Siamo una societa' piena di contradizioni. Io continuero' questa strada perche' e' piena di soddisfazioni e perche' voglio cercare nel mio piccolo di non rendermi resposabile di tutto cio' accennato sopra, inquanto so' quali sono le conseguenze. Potrei fare finta di non sapere, ma non posso nasconderlo a me stesso.
Il movimento slow ffod nato in Italia sta prendendo piede dappertutto, e ogniuno di noi puo' fare qualcosa per evitare sprechi che come detto hanno delle conseguenze dramatiche (nascoste )per altre popolazioni.

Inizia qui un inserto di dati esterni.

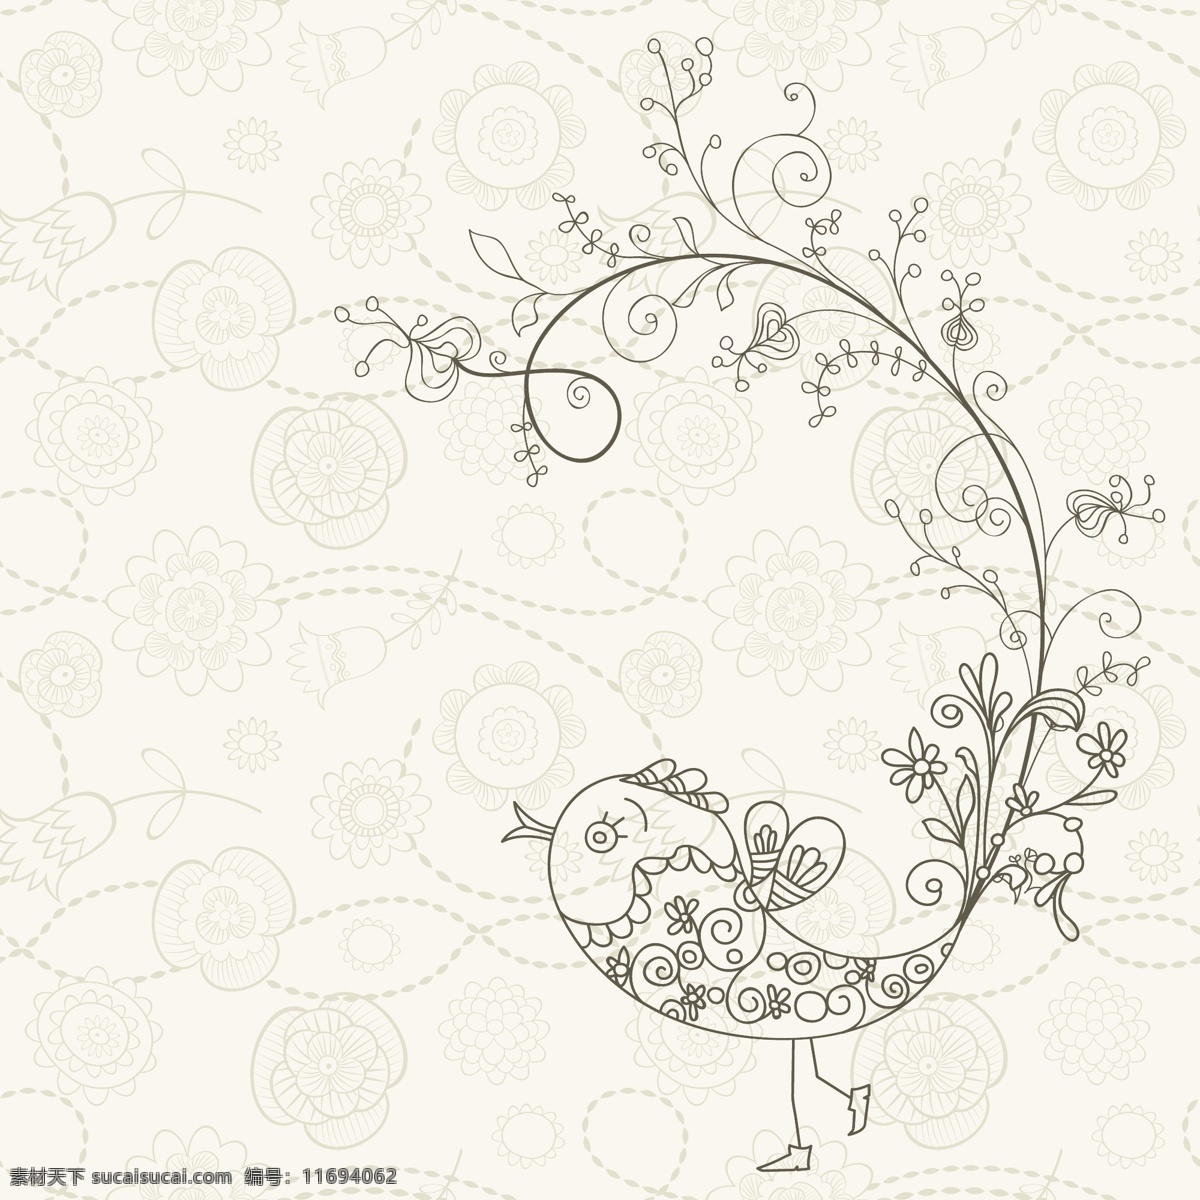 素雅 花纹 小鸟 矢量 手绘 线描 鸟类 花卉 花朵 植物 底纹 卡通 背景 海报 画册 矢量动物 生物世界

Comprare meno non significa mangiare meno, ma sprecare meno. Questo era il mio motto per natale ed e' valido per tutti i giorni dell'anno. La verita' e' che mangiamo piu' di quello che abbiamo bisogno.
Un paio di foto recenti:
Un pasto di vari prodotti. In senso orario.Pane fatto in casa; patate dell'orto; barbabietole coltivate e sotto aceto; ortica,girardina silvestre e aglio selvatico bolliti e sott'olio e per finire gambi di mhirrys odorata bolliti e sott'olio.